§ **Collected data**:
+ + +

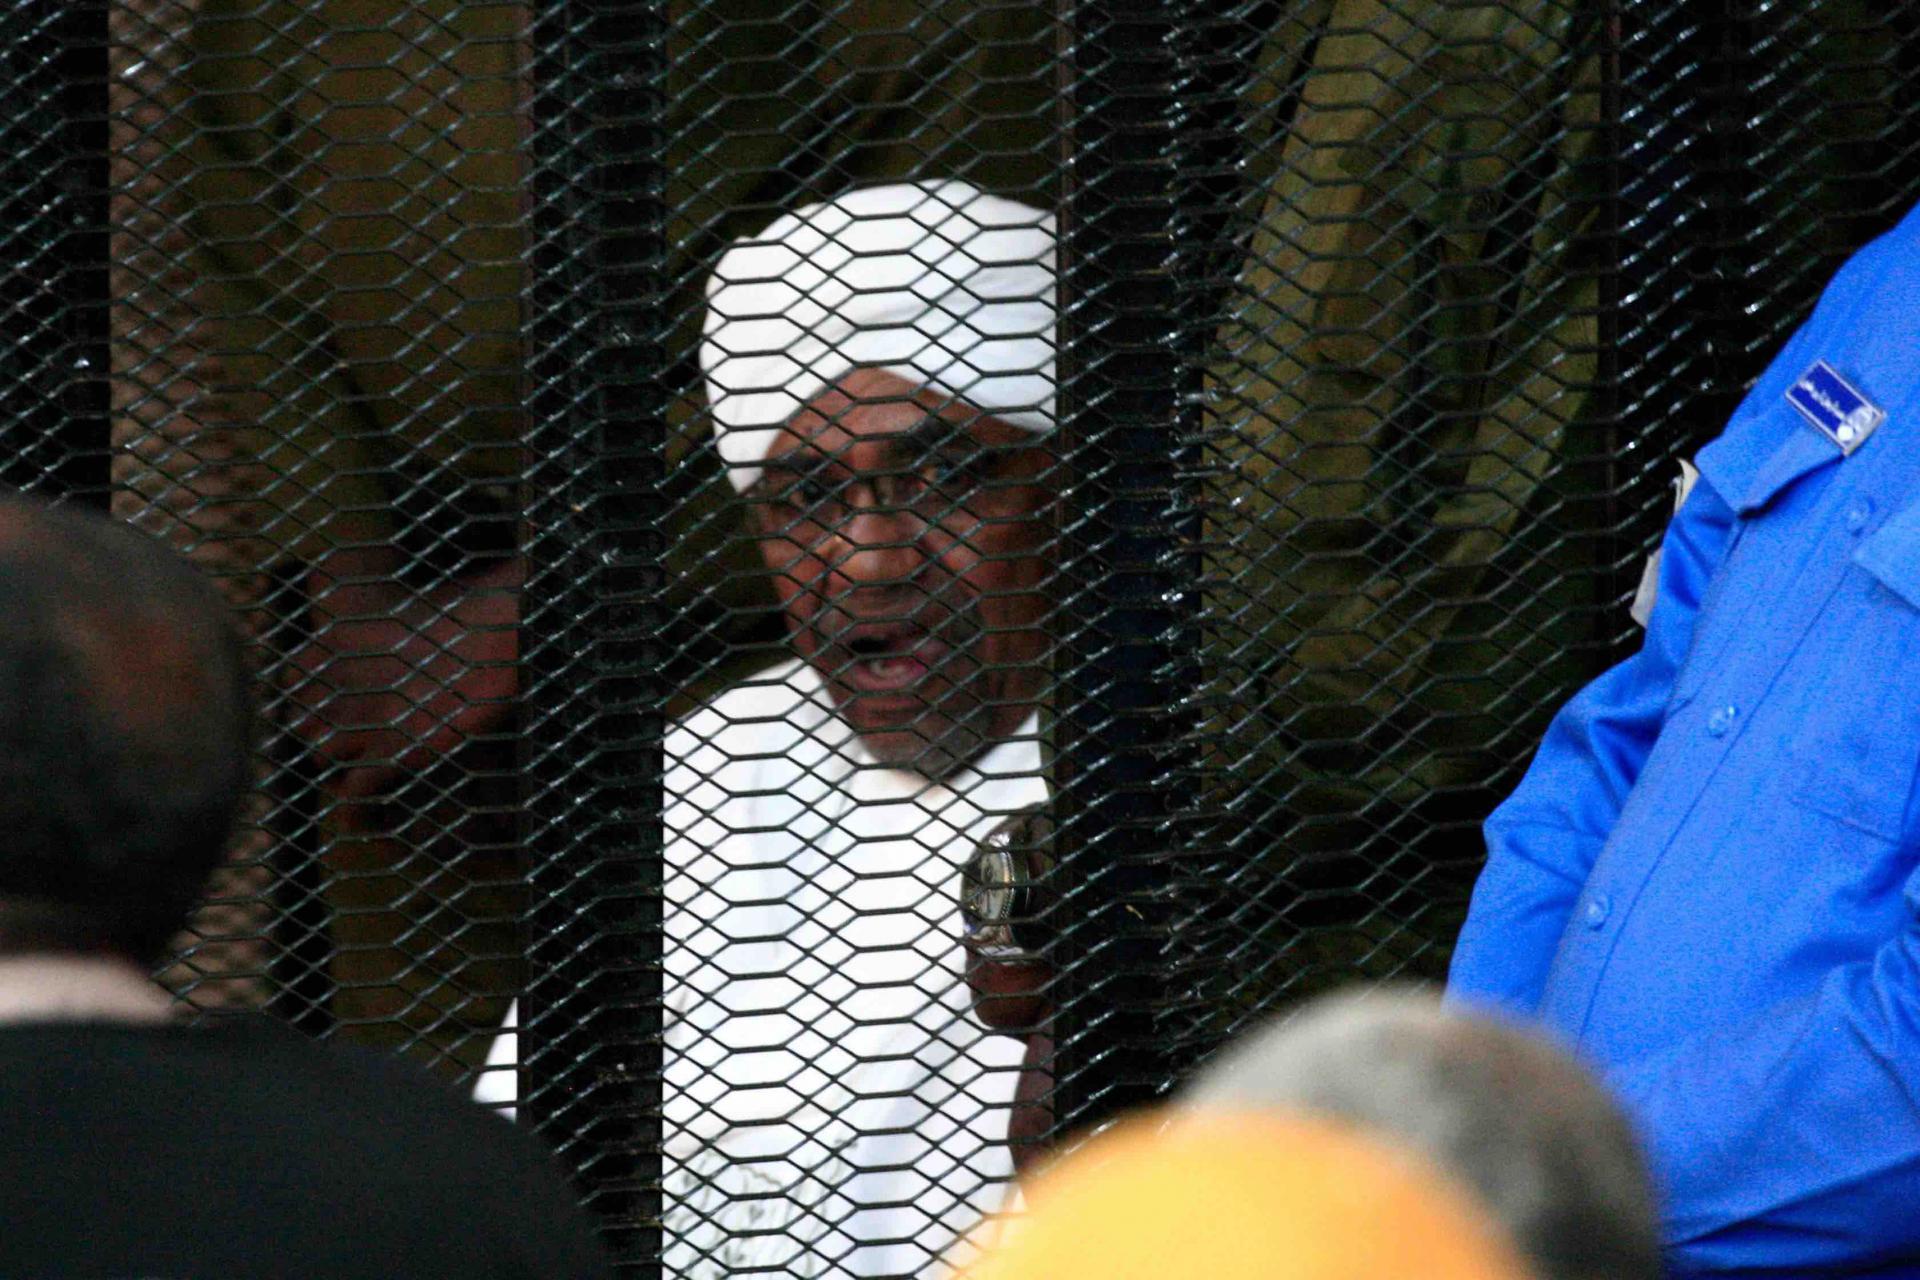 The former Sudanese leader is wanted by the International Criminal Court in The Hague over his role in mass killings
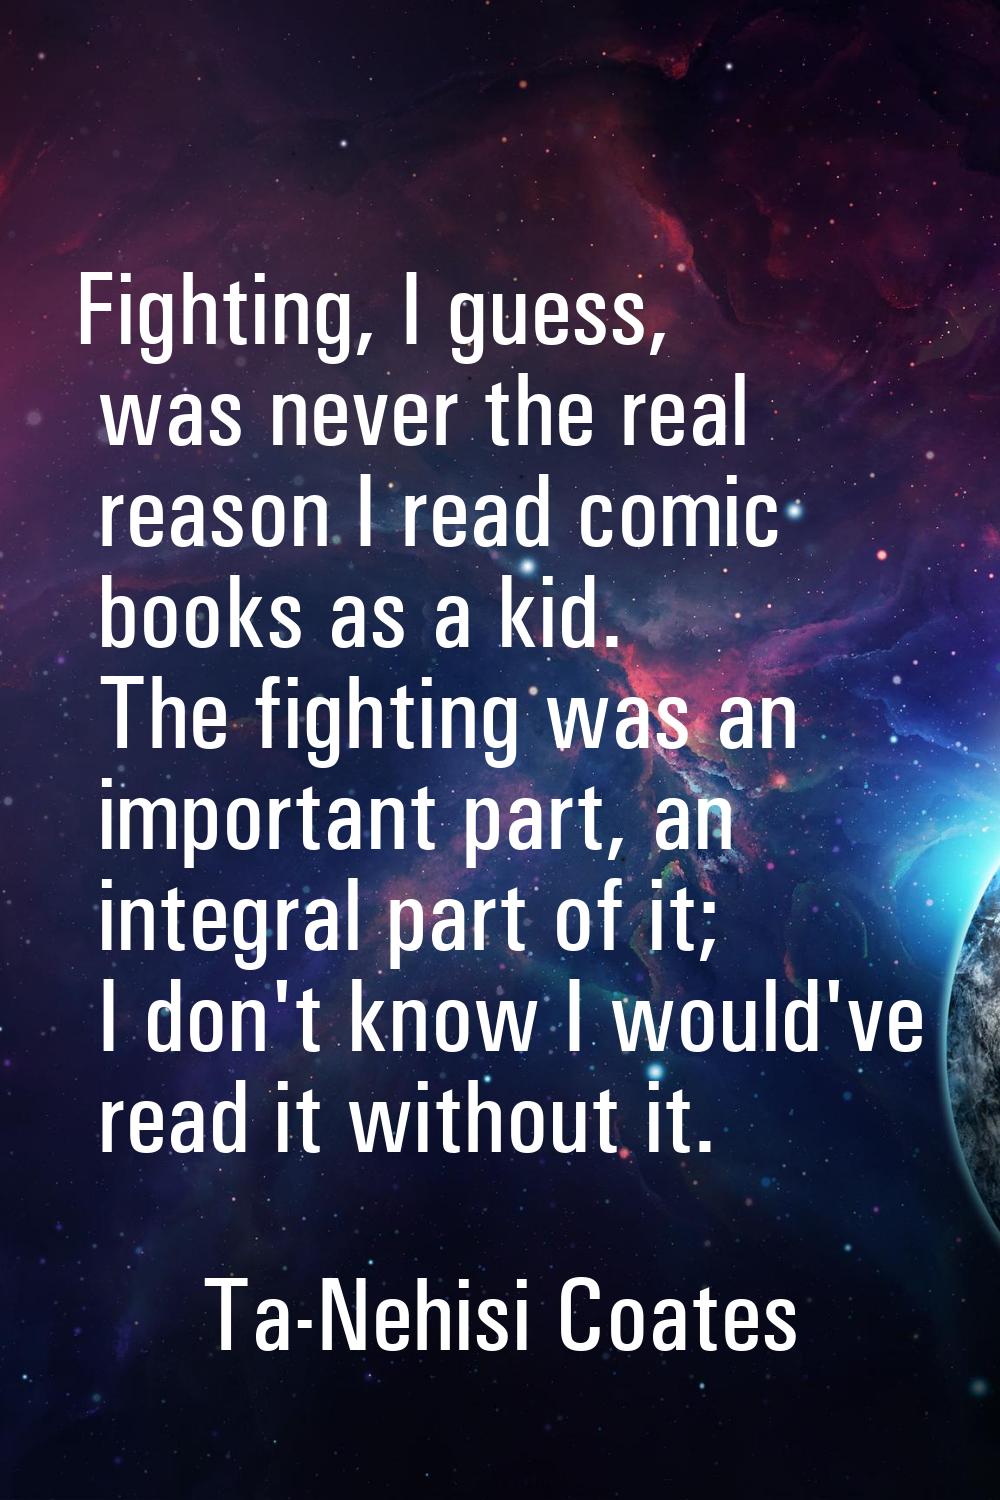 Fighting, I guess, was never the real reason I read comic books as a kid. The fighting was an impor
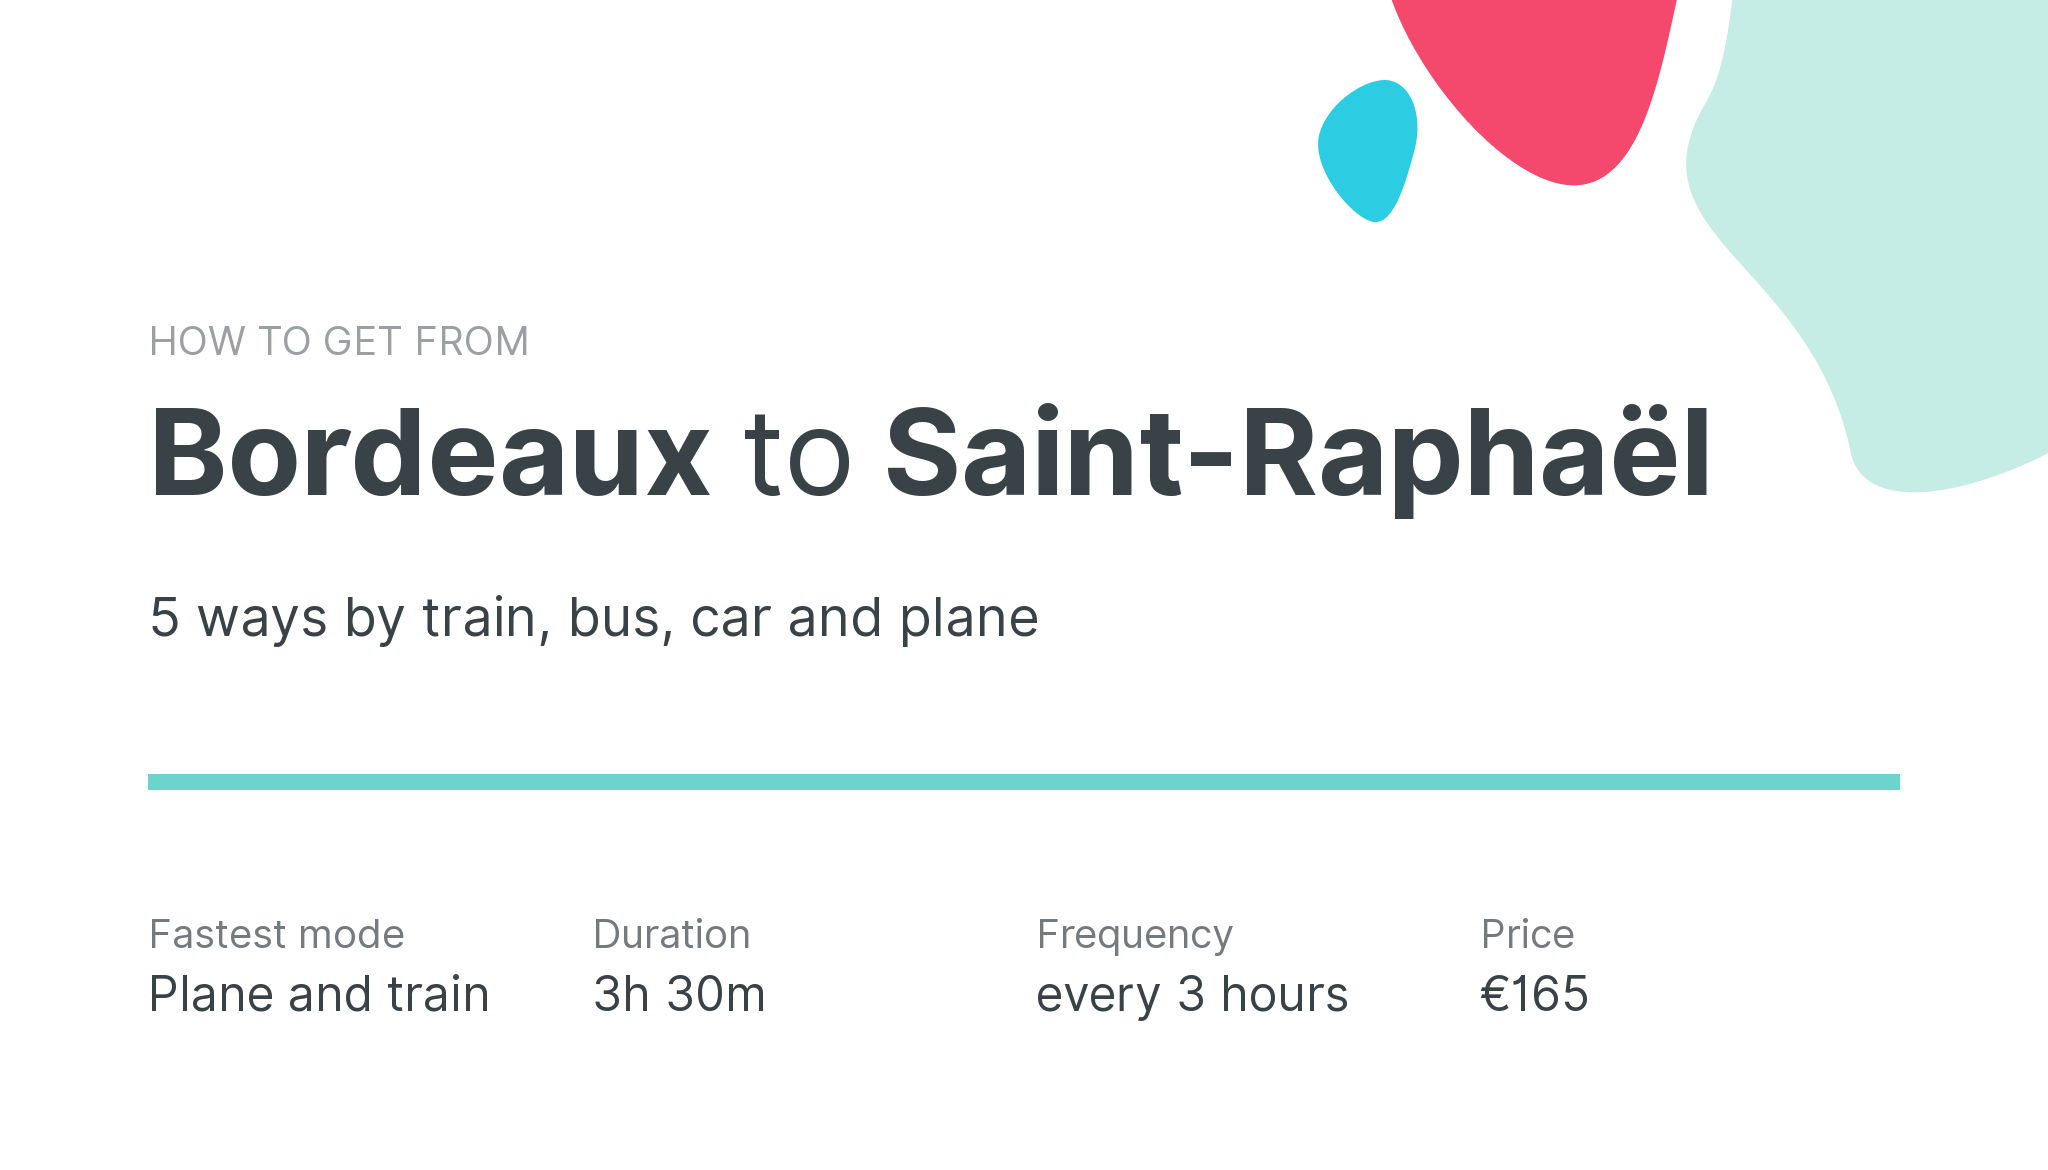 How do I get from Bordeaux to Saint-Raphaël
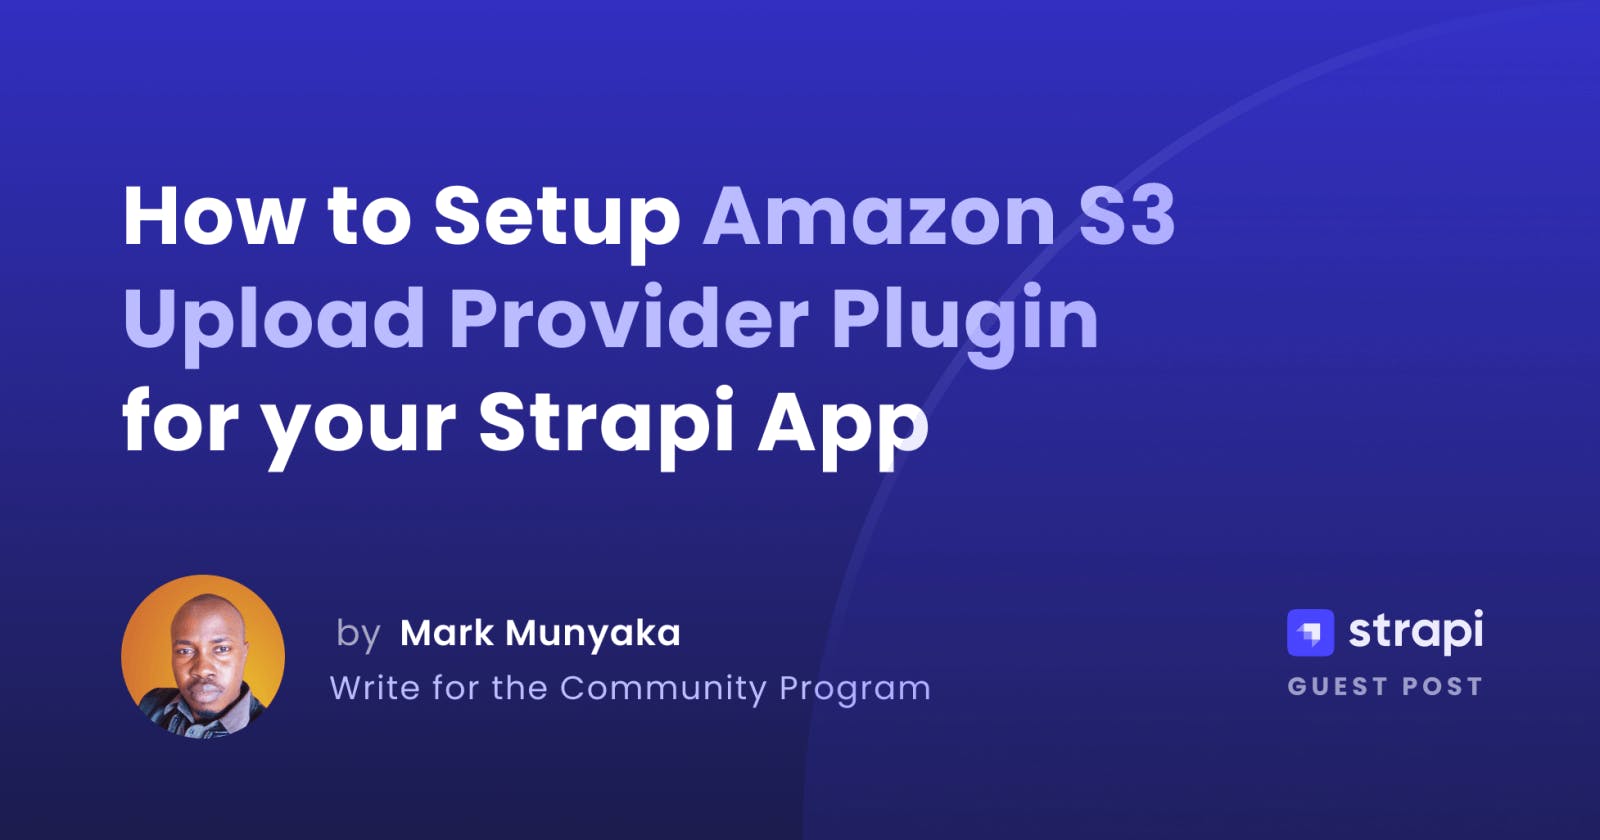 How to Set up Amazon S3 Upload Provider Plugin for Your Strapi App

+ + +

§ **Work item**: Leaving every image behind, repeat the data in full and exactly.

§ **Your response**:
 The former Sudanese leader is wanted by the International Criminal Court in The Hague over his role in mass killings
 Fighting, I guess, was never the real reason I read comic books as a kid. The fighting was an impor
 How do I get from Bordeaux to Saint-Raphaël
 How to Set up Amazon S3 Upload Provider Plugin for Your Strapi App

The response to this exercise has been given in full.